Berdasarkan uraian tersebut timbul permasalahan apakah terdapat perbedaan

efektivitas antimikroba antara asam hialuronat 2 % dan metronidazol gel 25 % terhadap

bakteri anaerob sebagai terapi tambahan setelah kuretase pada periodontitis kronis?

C. Tujuan Penelitian

Penelitian ini dilakukan dengan tujuan umum untuk mengetahui manfaat

penggunaan asam hialuronat dalam bidang kedokteran gigi. Tujuan khusus dari

penelitian untuk mengetahui perbedaan efektivitas antimikroba asam hialuronat 2 %

dan metronidazol gel 25 % terhadap bakteri anaerob sebagai terapi tambahan setelah

kuretase pada periodontitis kronis.

D. Manfaat Penelitian

Penelitian ini diharapkan memberikan manfaat :

1. Sebagai sumbangan pengetahuan dalam bidang Periodonsia tentang perbedaan

efektivitas antimikroba asam hialuronat 2 % dan metronidasol gel 25 % terhadap

bakteri anaerob pada periodontitis kronis setelah kuretase.

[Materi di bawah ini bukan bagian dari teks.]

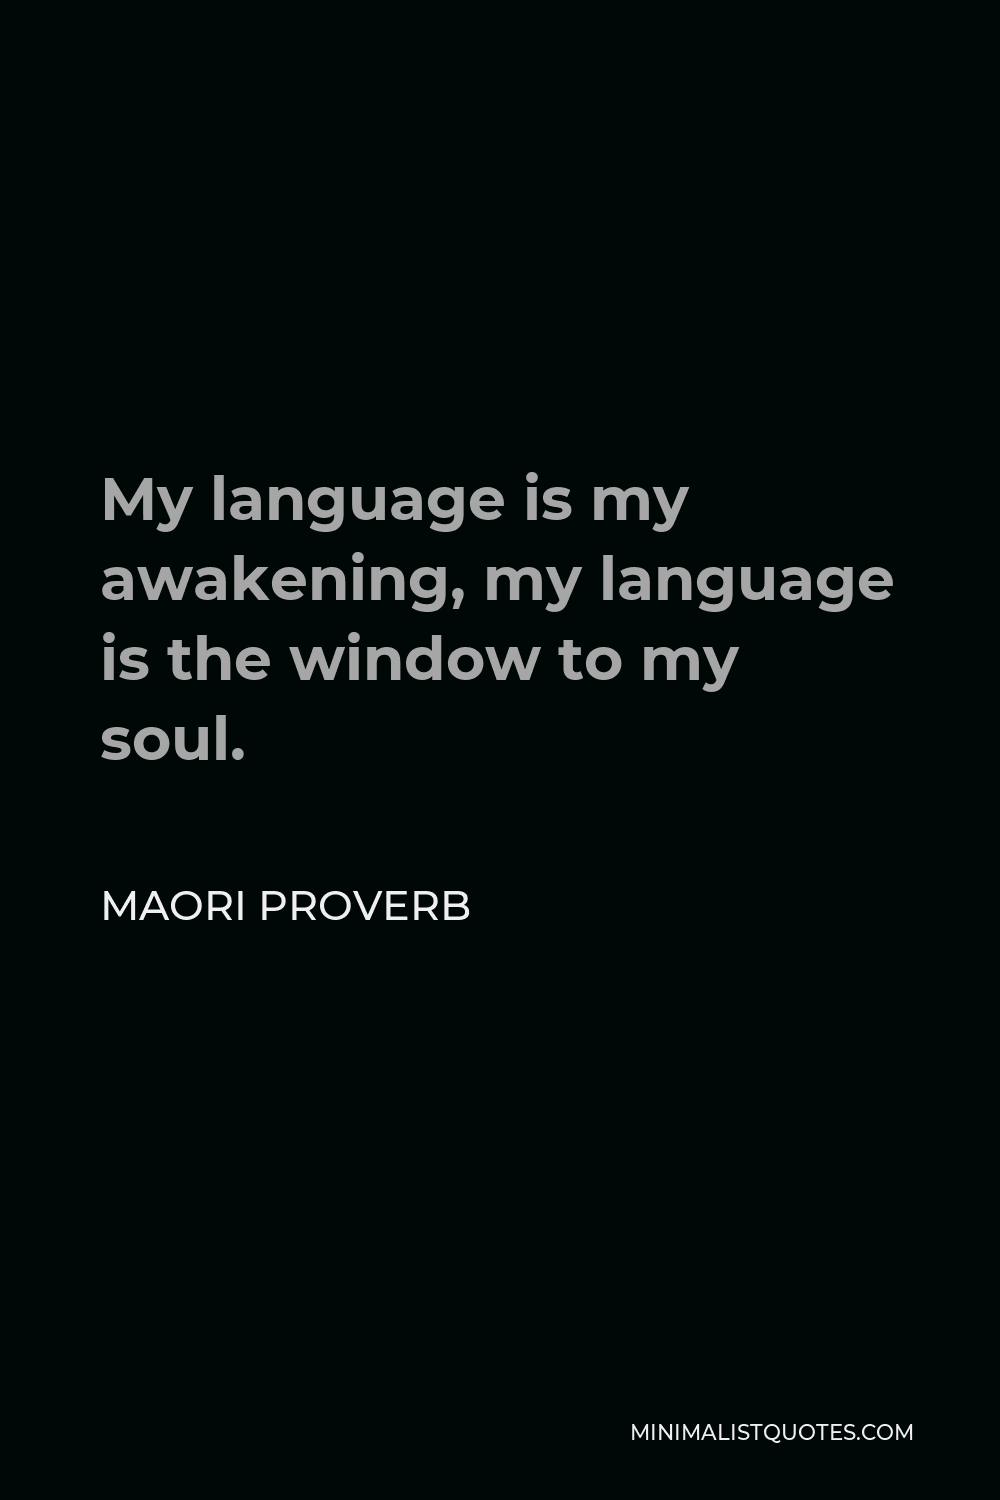 Maori Proverb Quote - My language is my awakening, my language is the window to my soul.
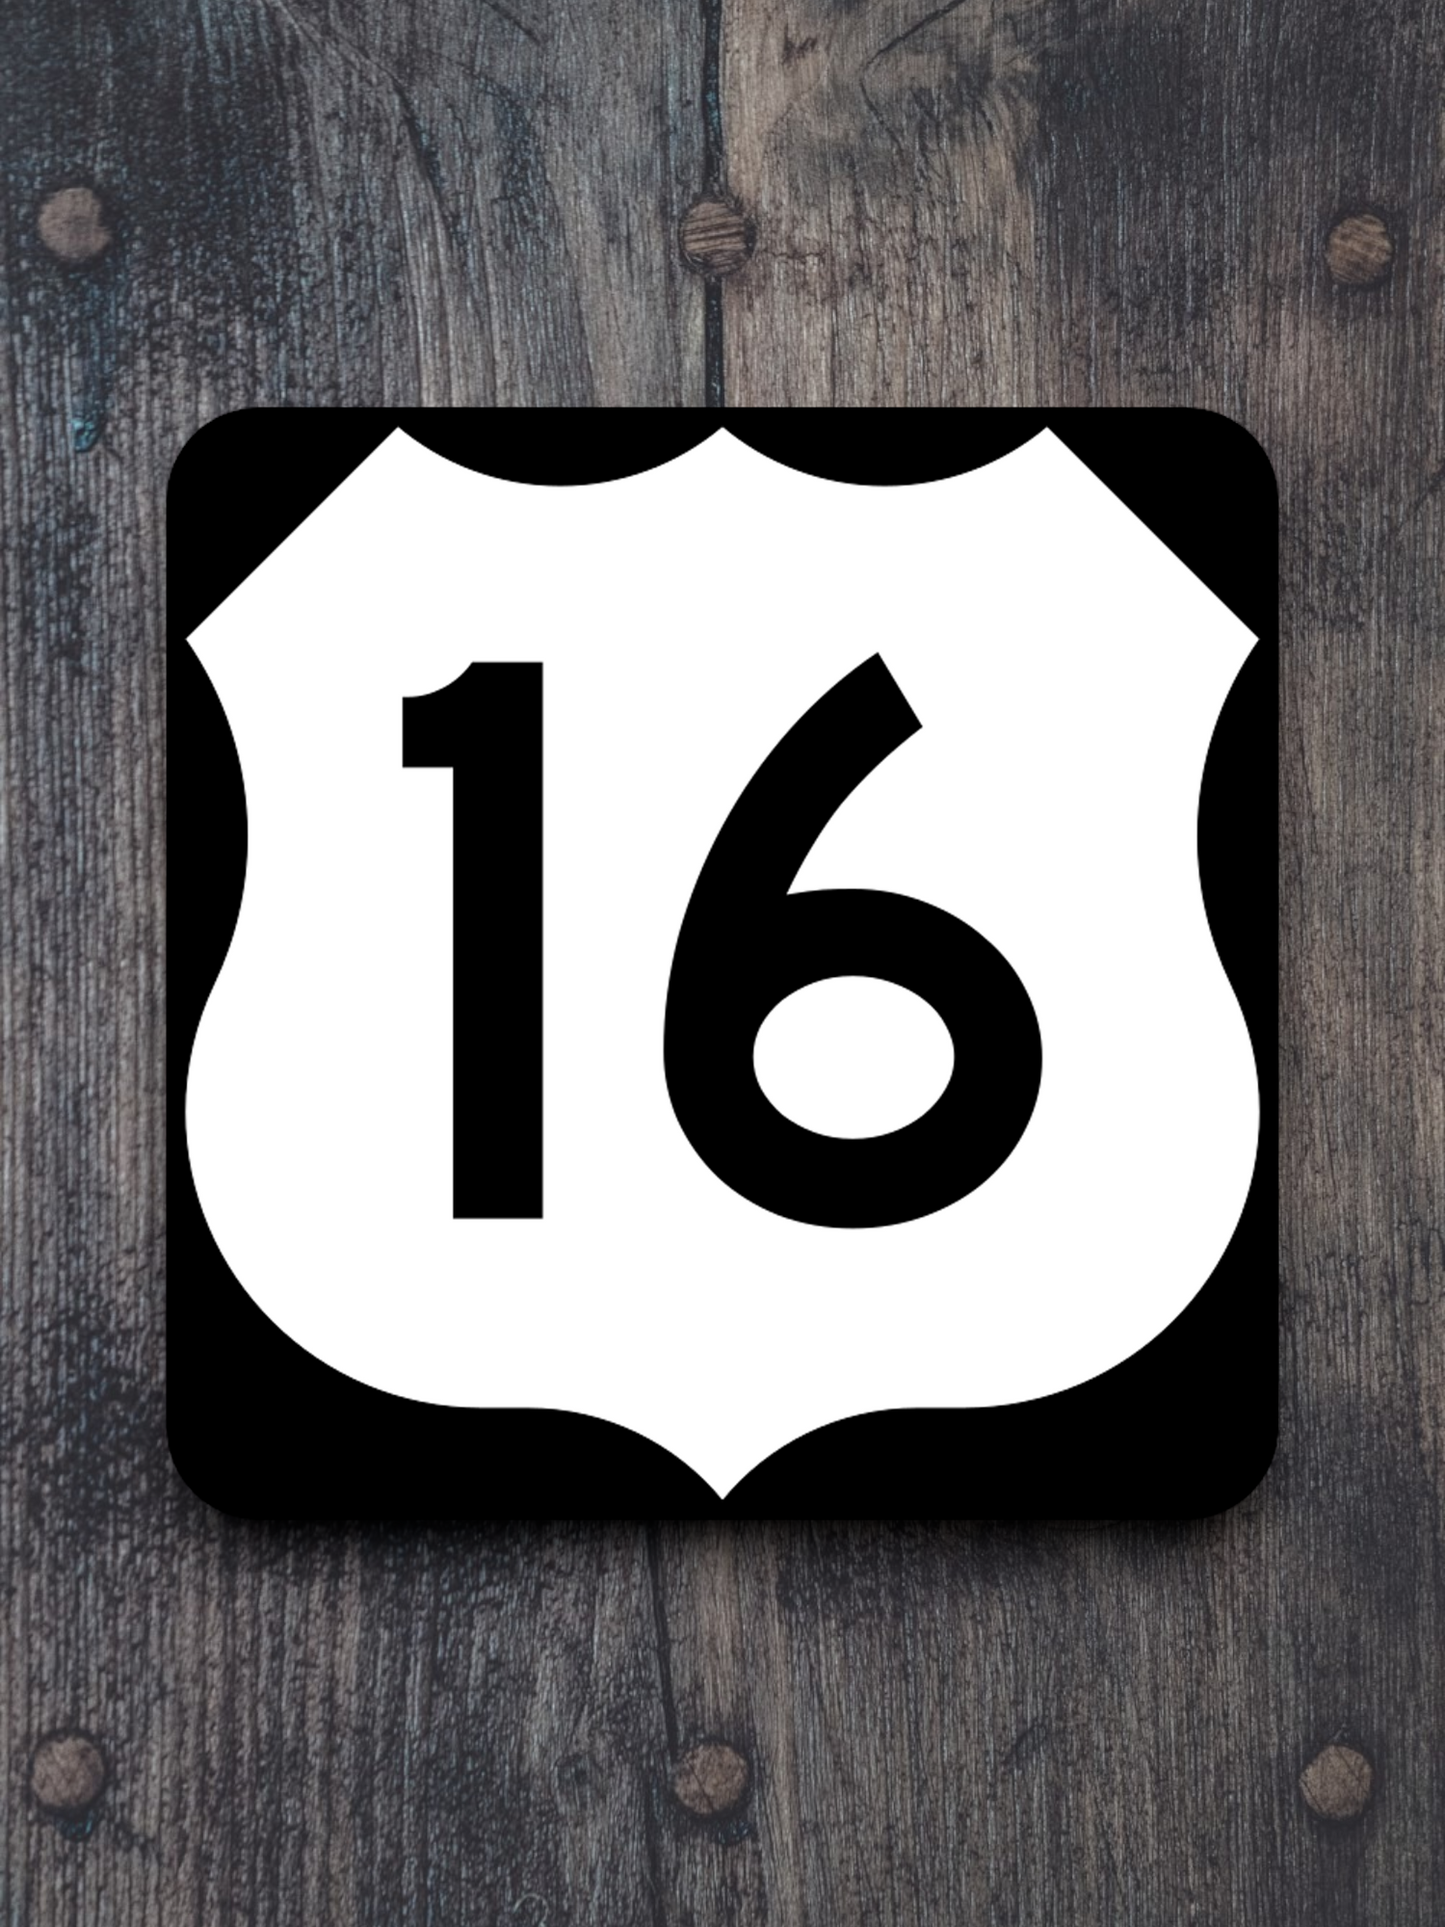 U.S. Route 16 Road Sign Sticker

2. Memberikan informasi ilmiah mengenai alternatif perawatan setelah tindakan

kuretase selain metronidazol gel 25 % yang selama ini digunakan.

5
E. Keaslian Penelitian

Pinazar dkk., (2001) meneliti tentang Bacteriostatic effect of hyaluronic acid.

Stesel dan Flores (1996) pernah melakukan penelitian tentang Topical metronidazole

application compare with subgingival scaling. Sepengetahuan penulis penelitian tentang

perbedaan efektivitas antimikroba asam hialuronat 2 % dan metronidazol gel 25 %

terhadap bakteri anaerob sebagai terapi tambahan setelah kuretase pada periodontitis

kronis belum pernah dilakukan sebelumnya.